= Tantalus Labs =

Canadian cannabis company

Tantalus Labs is a brand owned by Atlantic Cultivation, and previously was a Canadian Licensed Producer of cannabis. Originally based out of British Columbia and established in 2012 by Dan Sutton, Tantalus Labs cultivated in their cannabis greenhouse, SunLab which was the first purpose-built cannabis greenhouse in North America. In June 2023, Tantalus Labs announced it would cease operations and began laying off the majority of its employees.

== History ==
Tantalus Labs was founded by Dan Sutton and incorporated on October 29, 2012. Having seen a consultation document outlining the Marijuana for Medical Purposes Regulation (MMPR), he recognized the opportunity to rethink how cannabis was being grown in BC and engaged agricultural experts to design a more efficient methodology. The result was the planning and design of SunLab, the first purpose-built cannabis cultivation facility in North America.

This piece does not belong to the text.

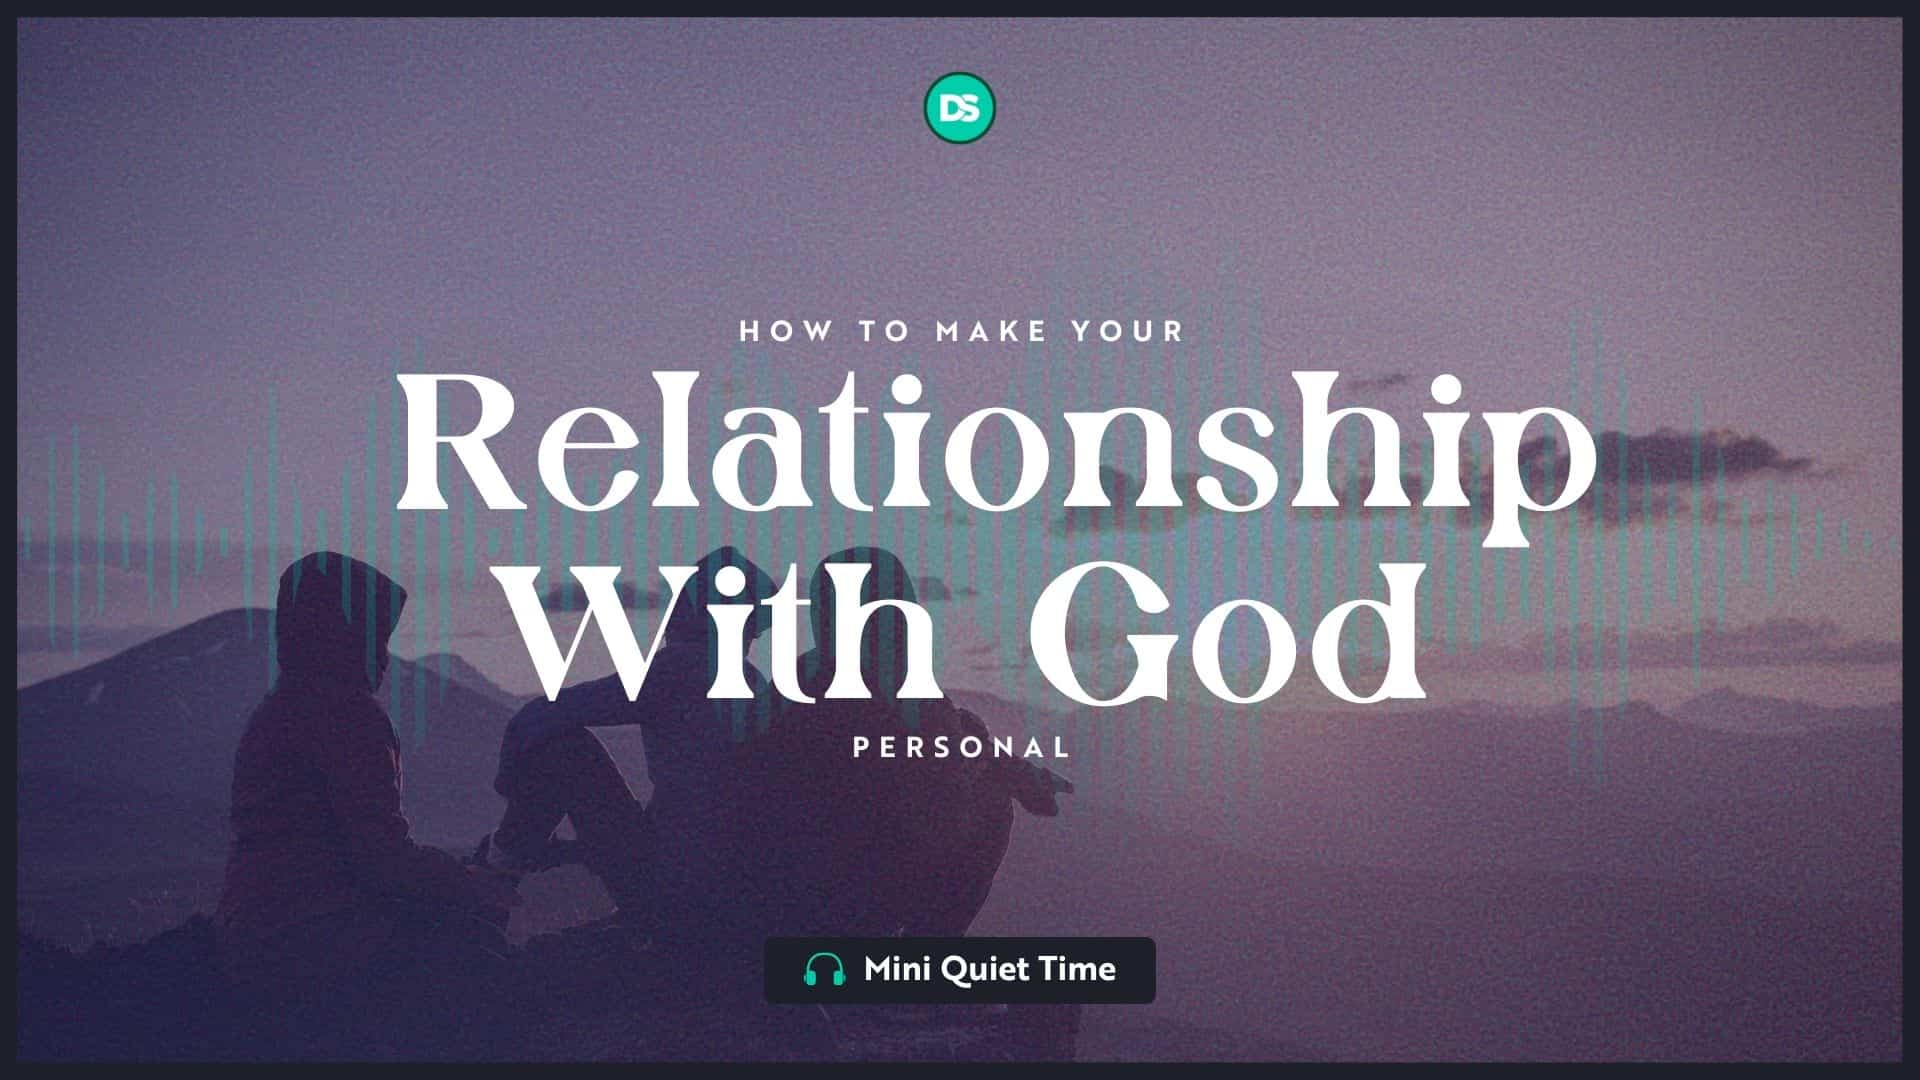 How to Make Your Relationship With God Personal (Mini Quiet Time) 6

On May 29, 2017, Health Canada approved the company's submission for a Medical Marijuana License allowing them to acquire materials and commence planting seed crops, making them the 45th Licensed Producer in Canada and the 10th in British Columbia.

August 17, 2018, the company announced it had received its sales license from Health Canada, allowing it to begin on-boarding patients and ship cannabis products.

September 12, 2018, Tantalus Labs launched Tantalus Prime, its e-commerce membership program that provides door-to-door delivery directly from SunLab to registered customers. The five inaugural strains includes Blue Dream, Serratus, Skunk Haze, Harlequin, and Cannatonic.

In June 2023, Tantalus Labs announced that it would cease operations and began laying off the majority of its employees.

== Controversies ==
On May 22, 2015, prior to receiving their Medical Marijuana License, 150 residents of Maple Ridge protested the development of SunLab stating concerns around well water depletion and proximity to residential neighbourhoods. In response, Tantalus Labs licensed their well access with the BC Ministry of Forestry and committed to rainwater as its primary water source for irrigation.

== Environmental issues ==
Executive Dan Sutton has identified the carbon footprint associated with modern indoor growing techniques that rivals heavy industrial manufacturing.

== Political advocacy ==

Tantalus Labs and Hanway Associates produced and shared a policy guidance document with 19 BC Ministries and representatives on September 18, 2017. This document provided context and recommendations around the legal age of consumption, Retail Licensing, Supply Chain Management, Transparency and Reporting, and Ancillary Industries. Receiving no response, Tantalus Labs published this document so that the citizens of British Columbia can hold elected officials to their obligation to foster the cannabis industry and its impactful cultural history. This was the second policy guidance document produced in collaboration with Hanway Associates.